Immortality projects are one way that people manage death anxiety. Some people, however, will engage in hedonic pursuits like drugs, alcohol, and entertainment to escape their death anxiety—often to compensate for a lack of "heroism" or culturally based self-esteem—resulting in a lack of contribution to the "immortality project". Others will try to manage the terror of death by "tranquilizing themselves with the trivial" i.e. strongly focusing on trivial matters and exaggerating their importance — often through busyness and frenetic activity. Becker describes the current prevalence of hedonism and triviality as a result of the downfall of religious worldviews such as Christianity that could take "slaves, cripples... imbeciles... the simple and the mighty" and allow them all to accept their animal nature in the context of a spiritual reality and an afterlife.

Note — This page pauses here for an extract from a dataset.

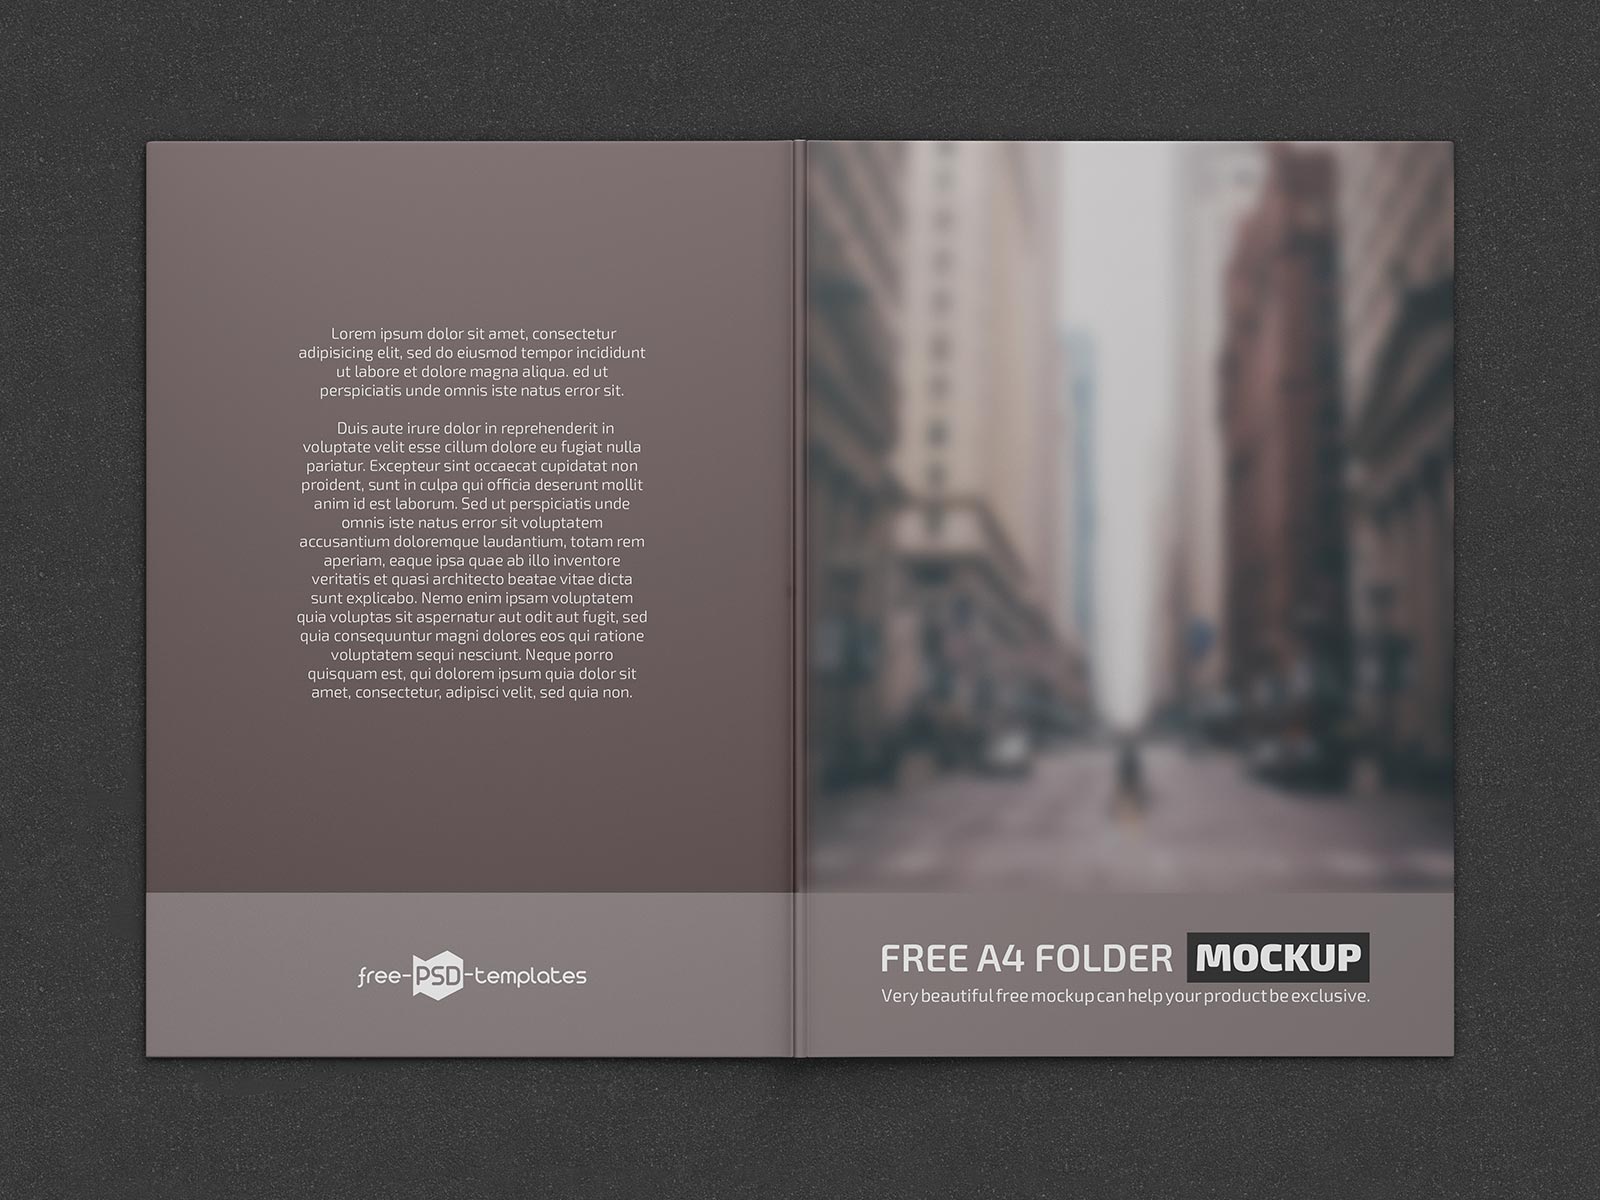 Free A4 Folder Mockup PSD Set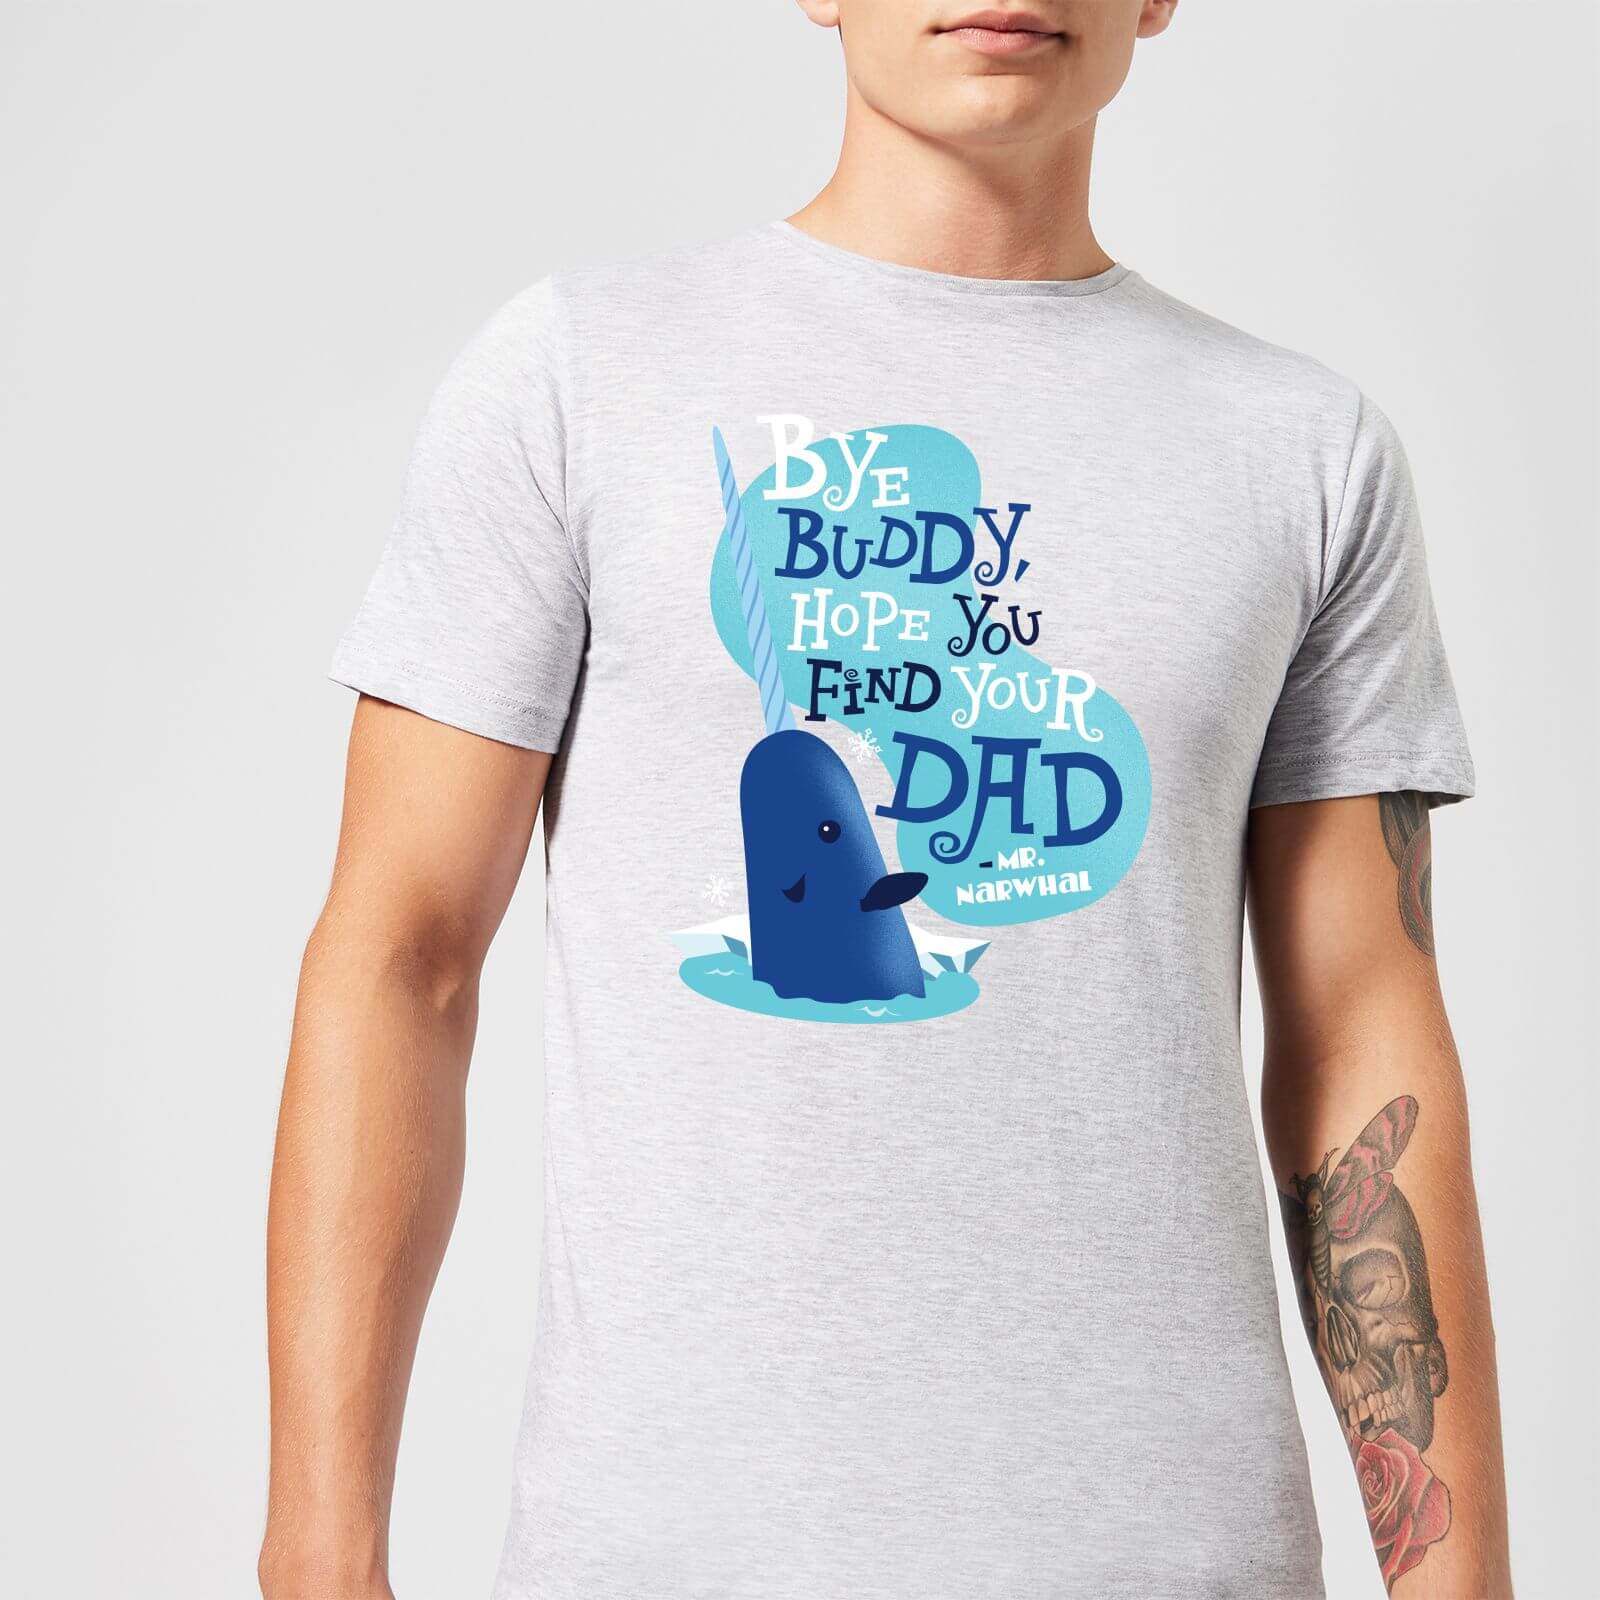 Elf Bye Buddy Men's Christmas T-Shirt - Grey - S

Humanity's traditional "hero-systems", such as religion, are no longer convincing in the age of reason. Becker argues that the loss of religion leaves humanity with impoverished resources for necessary illusions. Science attempts to serve as an immortality project, something that Becker believes it can never do because it is unable to provide agreeable, absolute meanings to human life. The book states that we need new convincing "illusions" that enable us to feel heroic in ways that are agreeable. Becker, however, does not provide any definitive answer, mainly because he believes that there is no perfect solution. Instead, he hopes that gradual realization of humanity's innate motivations, namely death, can help to bring about a better world.

Becker argues that the conflict between contradictory immortality projects (particularly in religion) is a major source of the violence and misery in the world such as wars, genocide, racism, nationalism and so forth since immortality projects that contradict one another threaten one's core beliefs and sense of security.

==Some concepts and ideas==
Throughout the book, Becker builds on the work of many writers and thinkers. Some of the more prominent of these include Søren Kierkegaard, Sigmund Freud, Norman O. Brown, and most notably, Otto Rank.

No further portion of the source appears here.